The Day the Civil War Came to Albany, KY, Pt. 2 (The Making of Champ Ferguson)


When the Civil War finally did come to Albany, word spread quickly throughout the area of Southern Kentucky and Northern Tennessee. Allegiances were soon declared. "Everybody of military capability was expected to go to war," wrote Cordell Hull. "It really did not make so much difference which side he fought for. He had the privilege of selecting his own side, but he could not lie around the community, shirking and dodging. He had to go out and fight."

With the military-capable soldiers gone off to war, the region was left vulnerable to guerilla warfare. Despite the presence of home guards, which were left behind to defend their counties, the area became a gloomy no-man’s land, where bands of armed men from both sides roamed freely, spreading violence and bloodshed, ravaging homes and farms, stealing horses, livestock, food, money and anything else they could get their hands on.

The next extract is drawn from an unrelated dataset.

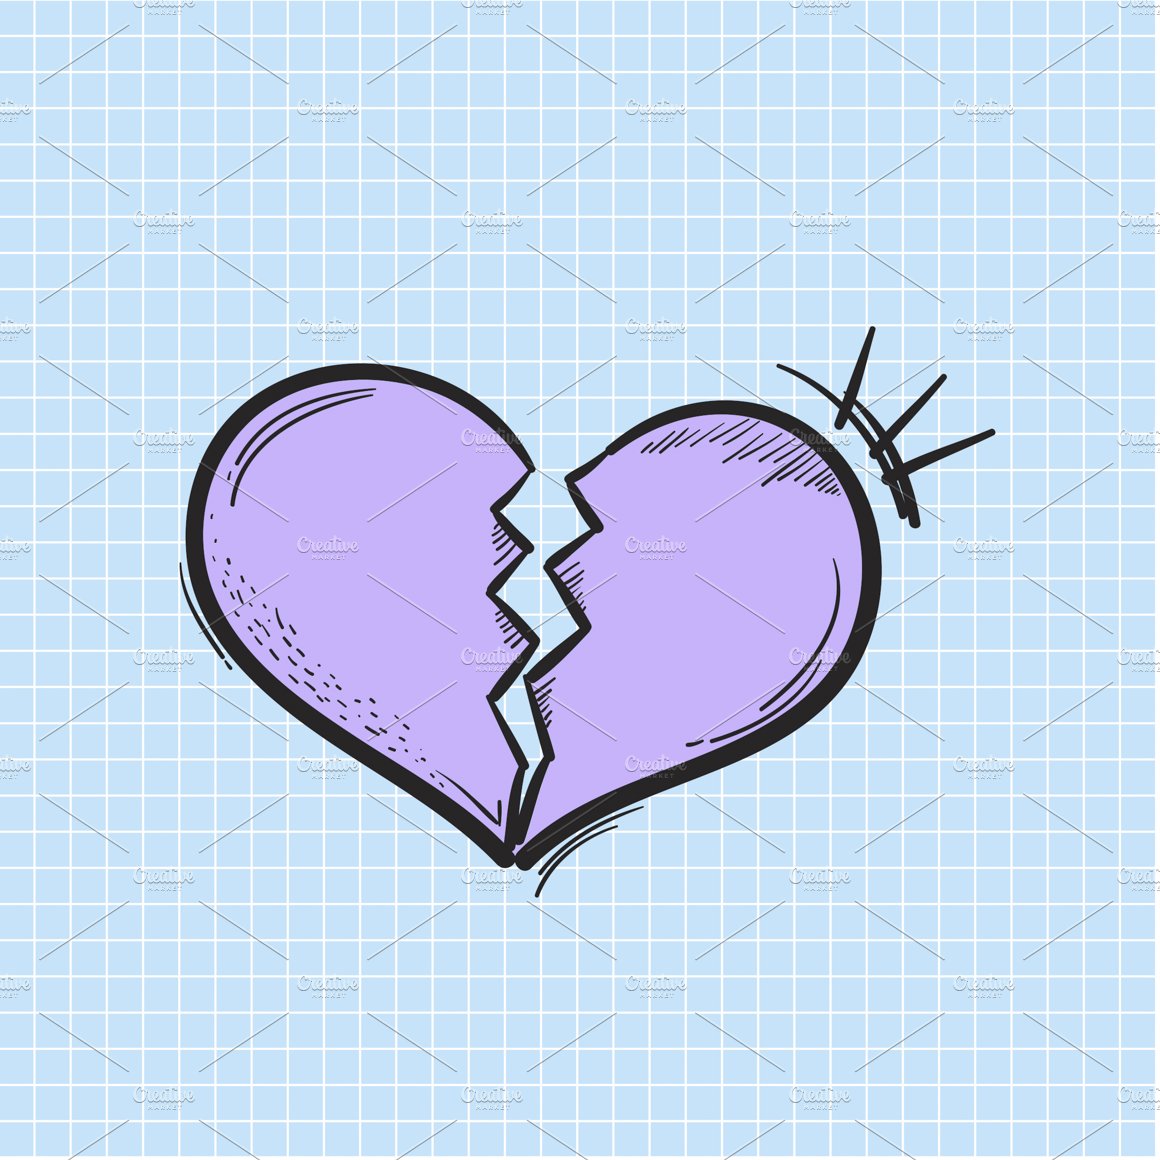 broken heart icon

"The land was full of robbery and murder," wrote David Sullins in his book, "Seventy Years in Dixie." "Bands of the worst men seized the opportunity by scouring the country by night, calling quiet old farmers to their doors and shooting them down in cold blood. It was the reign of terror, war at every man’s door, neighbor against neighbor. Neither property nor life was safe by day or night."

An incident involving twin brothers, Alexander and Floyd Evans, and their younger brother, Stokley, of what would eventually become Pickett County, came to play a major role in most of the Confederate guerilla warfare that took place in this area. It just so happened their sister, Amanda, was married to a cousin of Union guerilla Tinker Dave Beaty.

The incident I am speaking of began one day in the fall 1857, when the three brothers made their way from Fentress County across the state line to Clinton County to purchase hogs from Ben, Jim, and their brother...Samuel "Champ" Ferguson. He had been born in 1821 near Elliot's Crossroads, the main road leading into Clinton County from Tennessee (intersection of highways 969 and 1076 at Maupin). Floyd left a note for payment with the Fergusons and arranged a meeting in Albany to complete the transaction. When the Fergusons went to collect the money, Alex told them that Floyd had skipped town with the money. Champ and another man filed a lawsuit against Floyd.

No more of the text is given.